Opinion

Brian Feeney: PSNI must serve the people instead of protecting the RUC

Loughinisland case and treatment of journalists Trevor Birney and Barry McCaffrey shows need for root and branch reform of PSNI governance and increase in powers for Police Ombudsman

Brian Feeney

Brian Feeney

Historian and political commentator Brian Feeney has been a columnist with The Irish News for three decades. He is a former SDLP councillor in Belfast and co-author of the award-winning book Lost Lives

Journalists Trevor Birney, Barry McCaffrey and their lawyer Niall Murphey, outside the Royal Courts of Justice, in London
Journalists Trevor Birney and Barry McCaffrey and their lawyer Niall Murphy outside the Royal Courts of Justice in London (James Manning/PA)

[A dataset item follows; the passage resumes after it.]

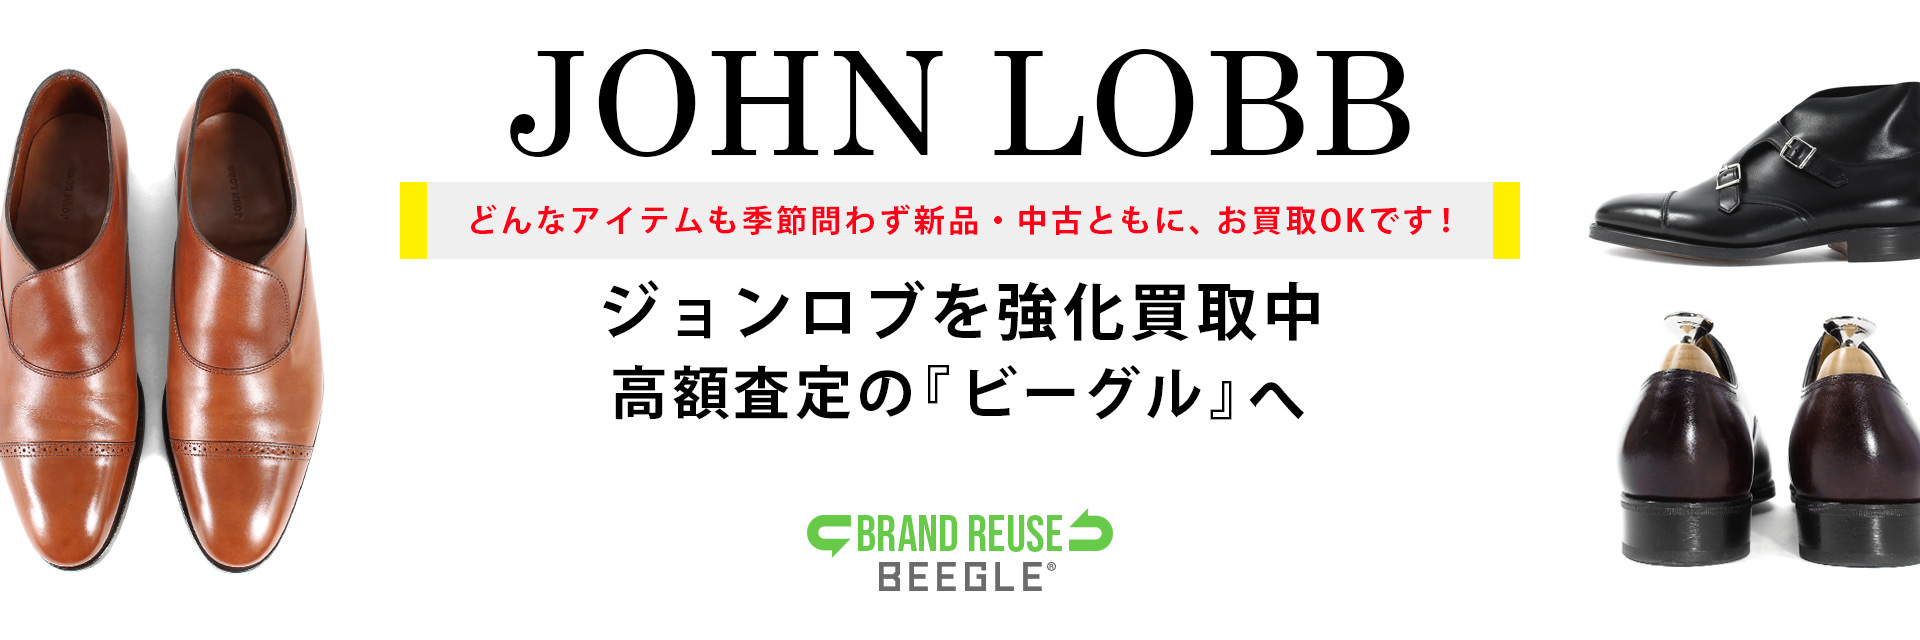 JOHN LOBB

Society here owes a debt of gratitude to Trevor Birney, Barry McCaffrey and their solicitor Niall Murphy (also solicitor for the families of victims of the Loughinisland killings) for the work they’ve done exposing collusion, corruption, malpractice and wrongdoing in the RUC.

Secondly, for what they have also done in the past six years to expose that, when it comes down to it, the PSNI behaves in many respects in a similar way to the RUC. Old habits die hard.

Their work centres on the mass killing in The Heights Bar in Loughinisland in June 1994, first with the documentary ‘No Stone Unturned’, and now with an important book by Birney, ‘Shooting Crows: Mass Murder, State Collusion and Press Freedom’.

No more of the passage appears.